Winston-Salem Journal
Gov. Bev. Perdue made a good step toward helping the victims of North Carolina’s forced sterilization program when she included in her proposed budget $250,000 to start the process of providing financial compensation for them. Legislators should approve the allocation. And they should all also approve health-care benefits for the victims, as well as setting up a monument to them and including lessons about the sterilization program in the state’s public-school curriculum.
From 1929 through 1974, this state’s low-profile program, based on the junk science of eugenics, sterilized more than 7,600 men, women and children. Most were poor. They were operated on after being determined to be unfit to reproduce, a determination that was often based on questionable information supplied by overzealous social workers.
The program went largely unnoticed until late 2002, when a Journal investigative series brought it to light. Former Gov. Mike Easley led an initial charge to help the surviving victims. But his push soon fizzled, and little has been done to help the victims. Rep. Larry Womble of Forsyth County has kept pushing. As she ran for governor, Perdue promised to help as well. She deserves credit for following through on that promise in the midst of a state budget crisis.

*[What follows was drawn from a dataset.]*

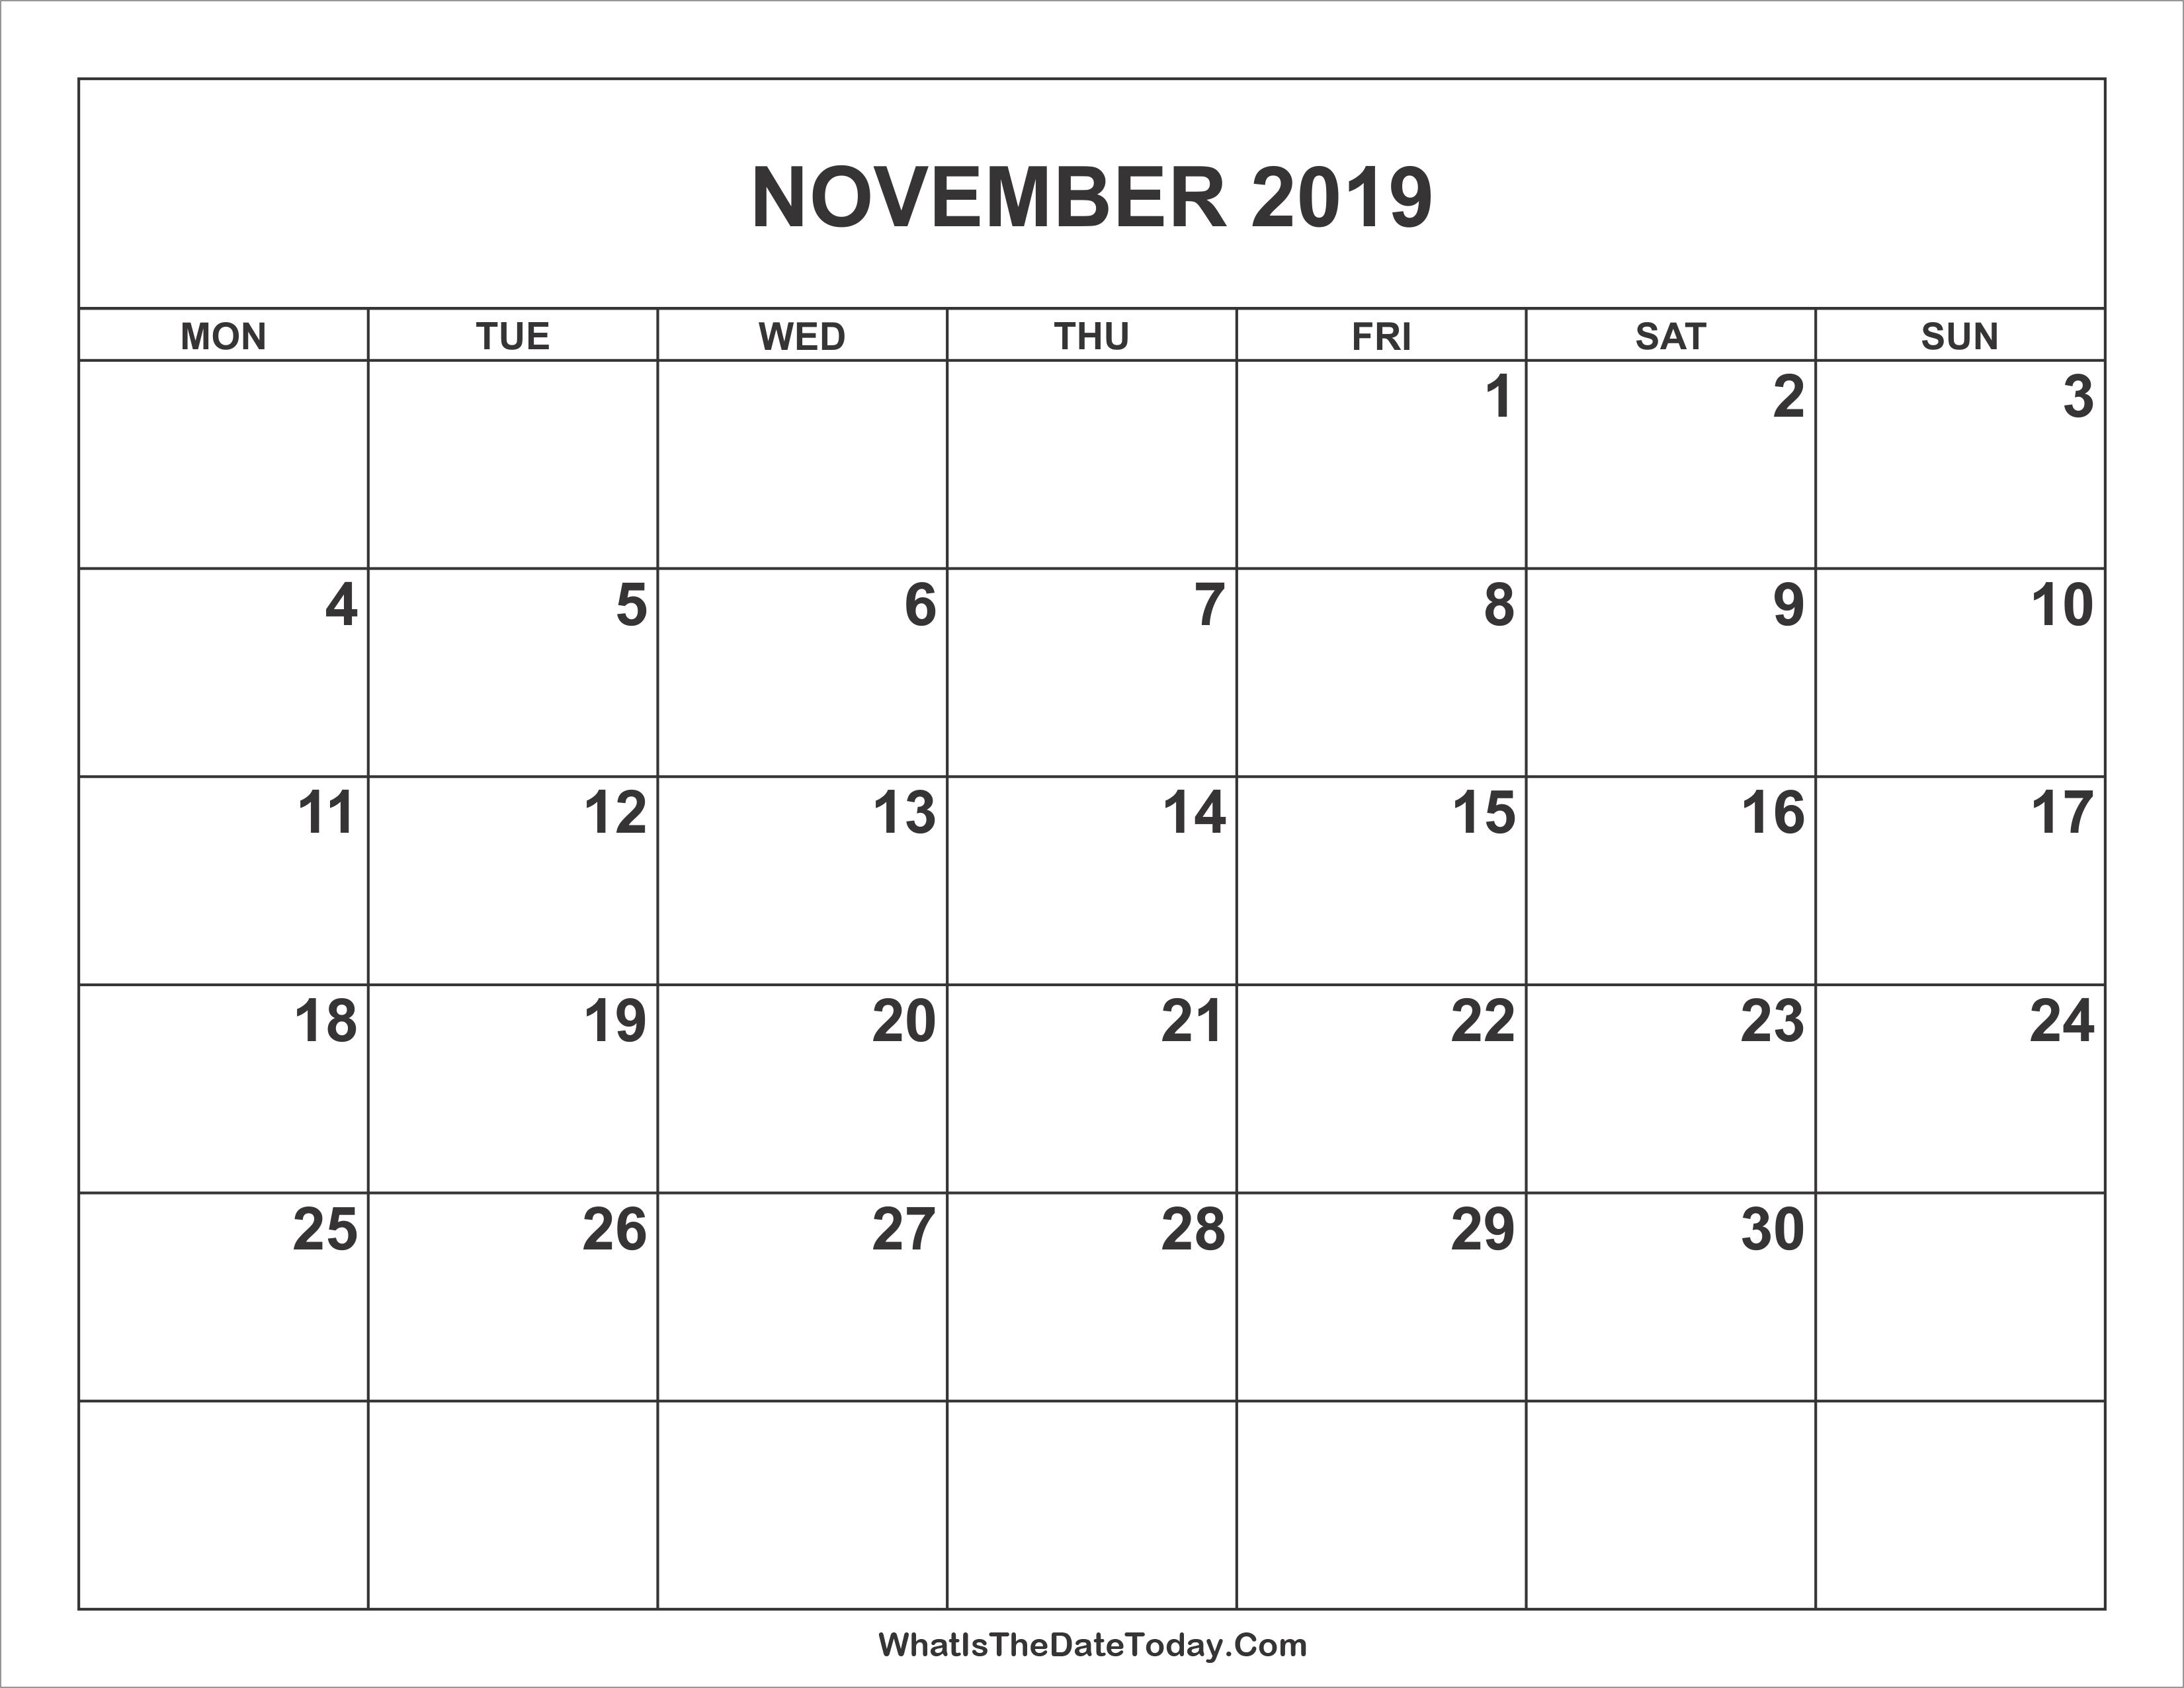 November 2019 Kalender bearbeitbare

The recession has probably been especially hard on the surviving victims of this program, which may number as many as 3,000. Many have been left with emotional and physical scars.
The $250,000 that Perdue included in her proposed budget would create a nonprofit foundation that could serve as a first step toward compensation for the victims. “It would be up to the foundation to work on the framework of identifying (victims) and compensation – and the money allocated in the budget would be able to do that – to support the parameters of the foundation and setup of a compensation fund,” Chrissy Pearson, the spokeswoman for Perdue, said in an e-mail last week. “It’s the first step to get to compensation.”
If the legislature approves the allocation, it will be one of many steps in a long process. In the meantime, Womble has filed a bill that would give the victims $20,000 each. The compensation would be justified. But it stands little chance of being approved in this tight economic year.
Another bill Womble has filed, one based on a legislative committee’s recommendations, is more realistic. It would give the victims mental-health care benefits, include the story of the program in the public-school curriculum and require that a historical marker about the program be created.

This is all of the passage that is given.